Florida Cancer Specialists physician co-authors study looking at treatment regimen for low-grade lymphoma

Dr. Andrew Lipman, who practices at Florida Cancer Specialists (FCS) in Bonita Springs and Naples West offices, was a co-author of a research paper evaluating the safety and efficacy of combining three drug agents – bendamustine, bortezomib and rituximab (BBR) – in patients with previously untreated low-grade lymphoma.

Dr. Andrew Lipman
Image/Florida Cancer Specialists

Published January 2018 in the British Journal of Haematology, the study focused on a Phase II trial, in which eligible patients had low grade lymphoma with no previous systemic disease treatment. According to the Leukemia Lymphoma Society (LLS), about 40% of non-Hodgkin lymphoma (NHL) are categorized as low grade.

Each of the three agents in this study has shown previous benefit to patients. Bendamustine, a bi-functional anti-neoplastic agent has demonstrated clinical activity in patients with advanced indolent NHL. The monoclonal antibody Rituximab, in combination with standard chemotherapy regimens, has improved response rates and survival when used for indolent NHL and diffuse large B-cell lymphoma. Further, the combination of bendamustine and rituximab (BR) has been shown to be as effective or superior to certain other agents in low-grade and mantle cell lymphoma.

The third drug, Bortezomib, is a reversible 26S proteasome inhibitor that is approved for the treatment of multiple myeloma and mantle cell lymphoma. The study states, “It has been shown to have significant activity in a broad array of patients with NHL… Given this data, the combination of all three agents (bendamustine, bortezomib and rituximab [BBR]) was evaluated in patients with relapsed/refractory indolent NHL and mantle cell lymphoma with promising results.”
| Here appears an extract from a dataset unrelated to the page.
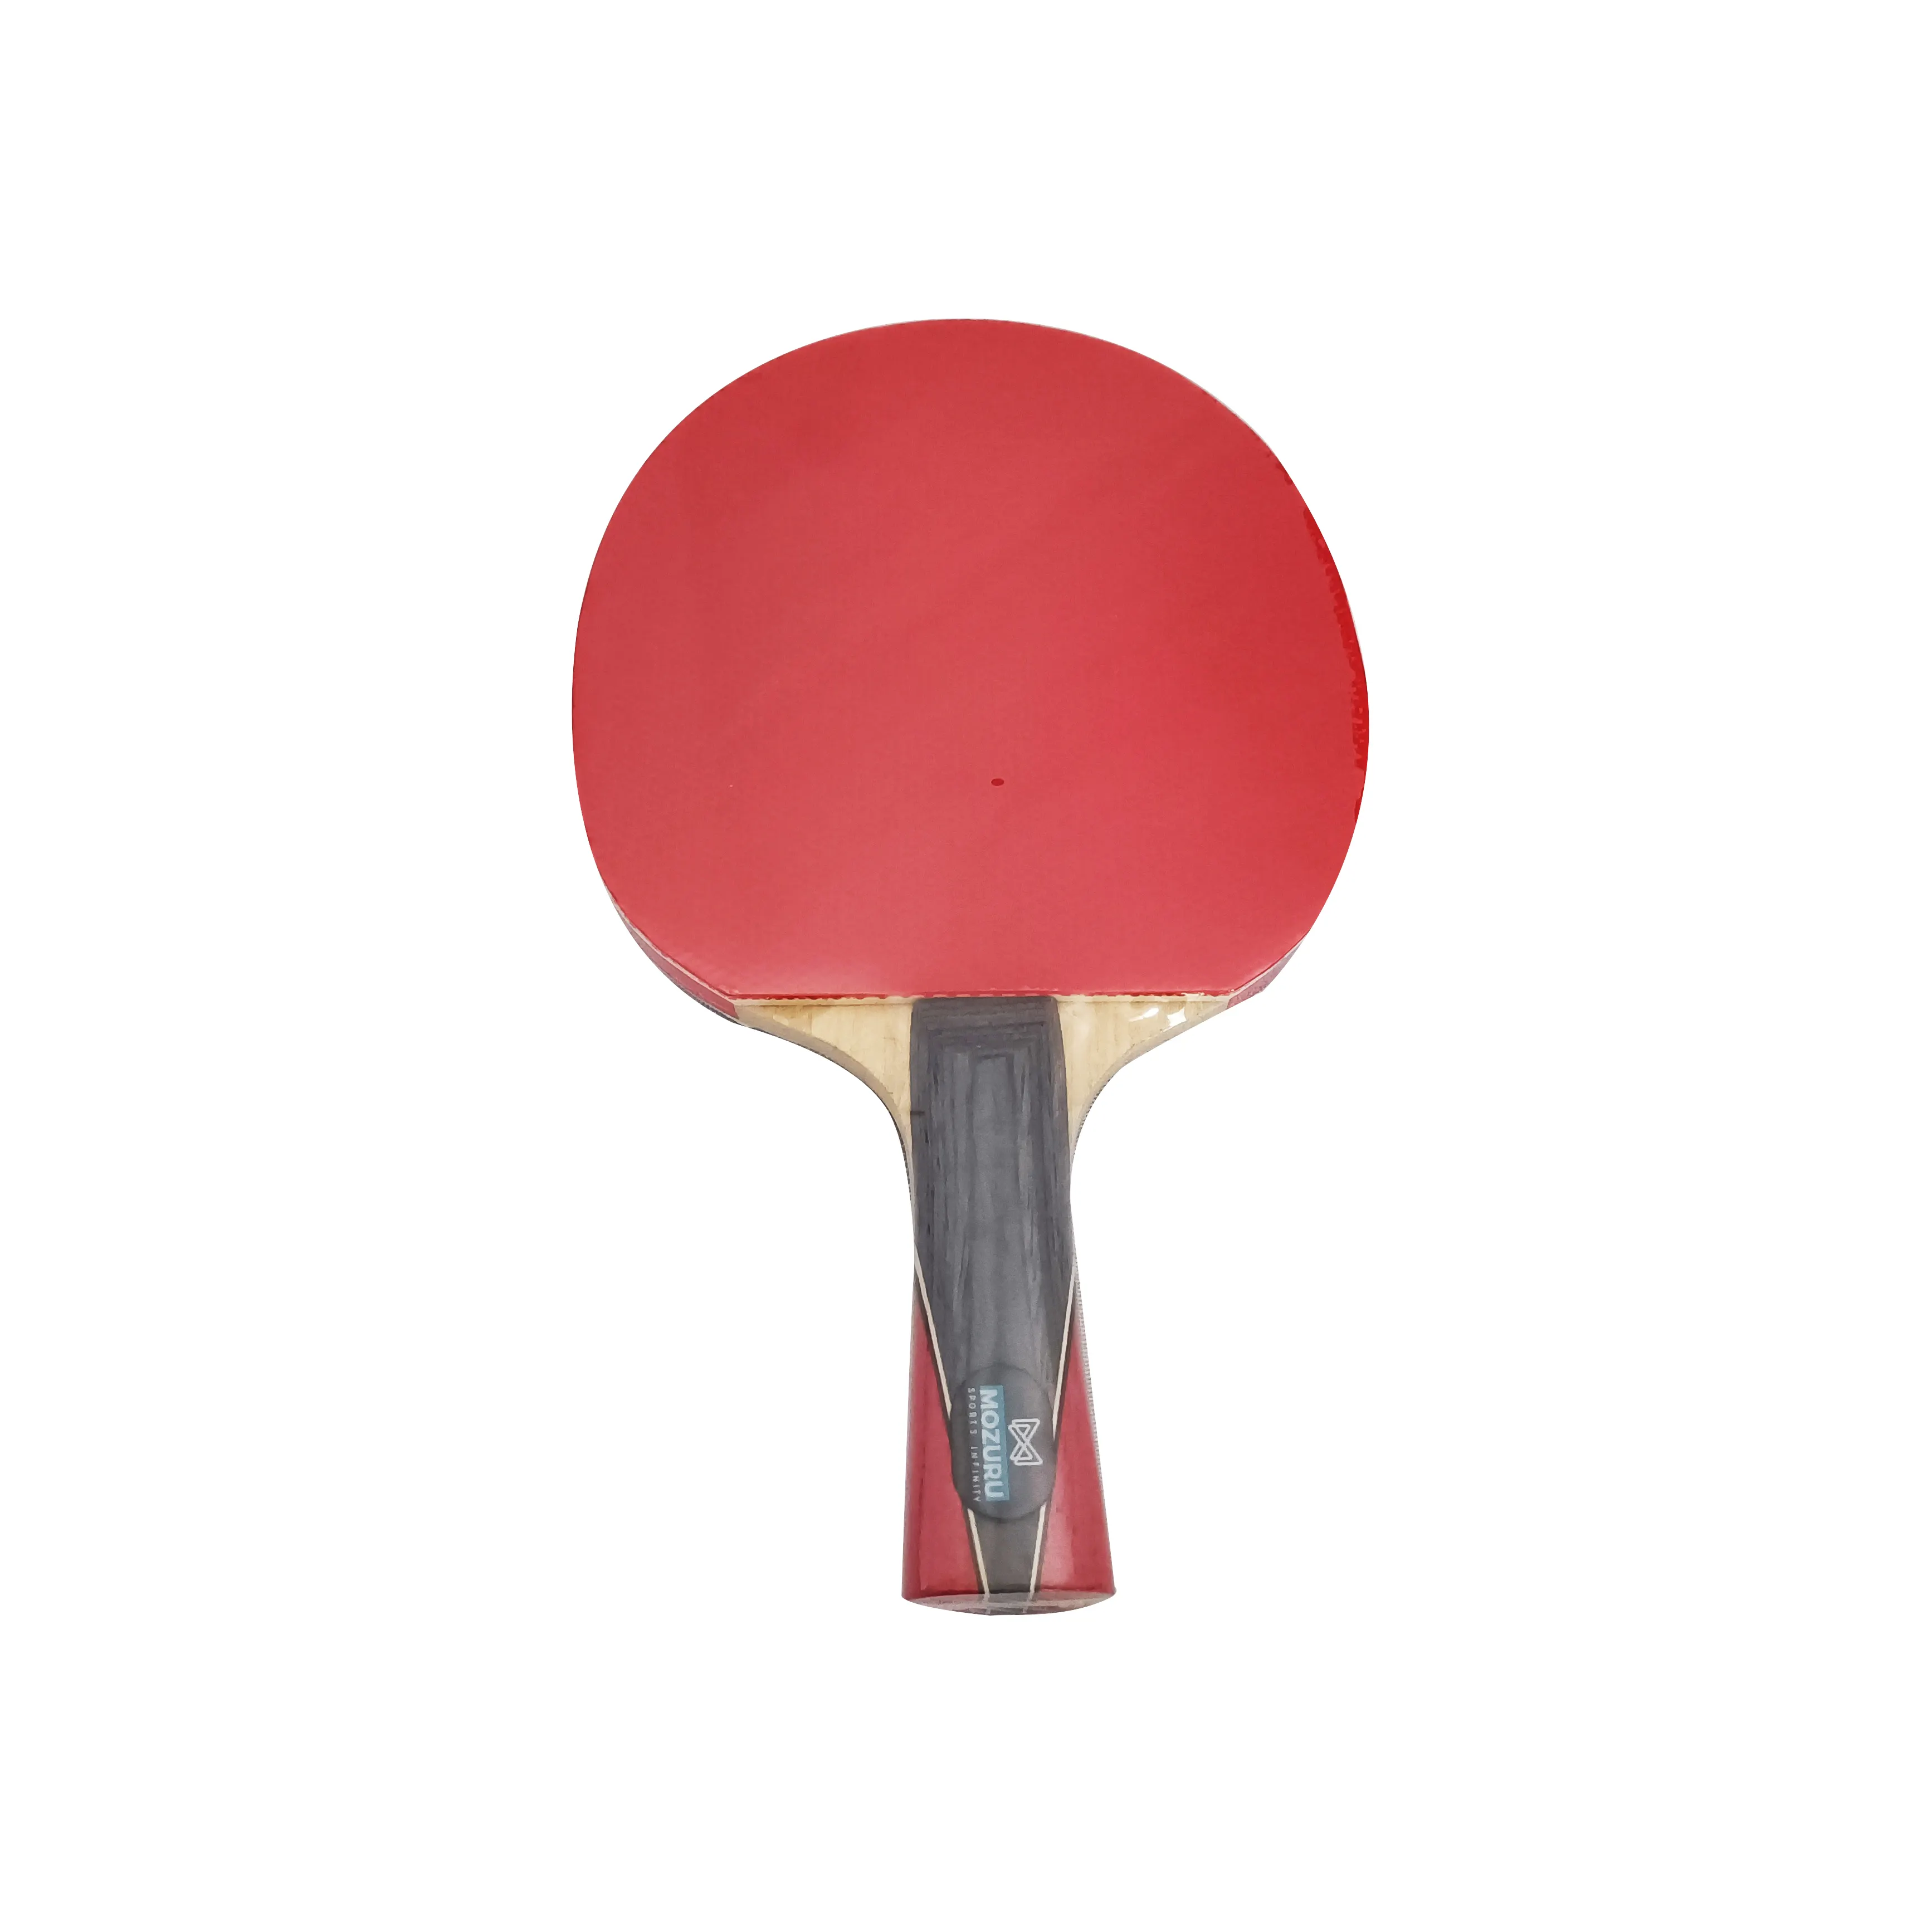 Hihg qualité ping-pong raquette penhold formation innovante raquette de tennis de table disponible pour tous les joueurs intermédiaires

According to the study, “The combination of bendamustine, bortezomib and rituximab (BBR) produced deep and durable remissions with an acceptable safety profile in patients with previously untreated, low grade lymphoma. Progression free survival (PFS) was durable at 36 months where 75% of patients have not progressed. The BBR drug combination produced high CR rates which compare favorably to a recent Phase III trial using bendamustine plus rituximab (Flinn et al, 2014).”

The study concluded that because the BBR combination was well-tolerated and “produced high overall and complete response rates in a front-line setting, … this regimen merits further investigation in patients with previously untreated low-grade lymphoma, as well as, potentially, patients with mantle-cell lymphoma.”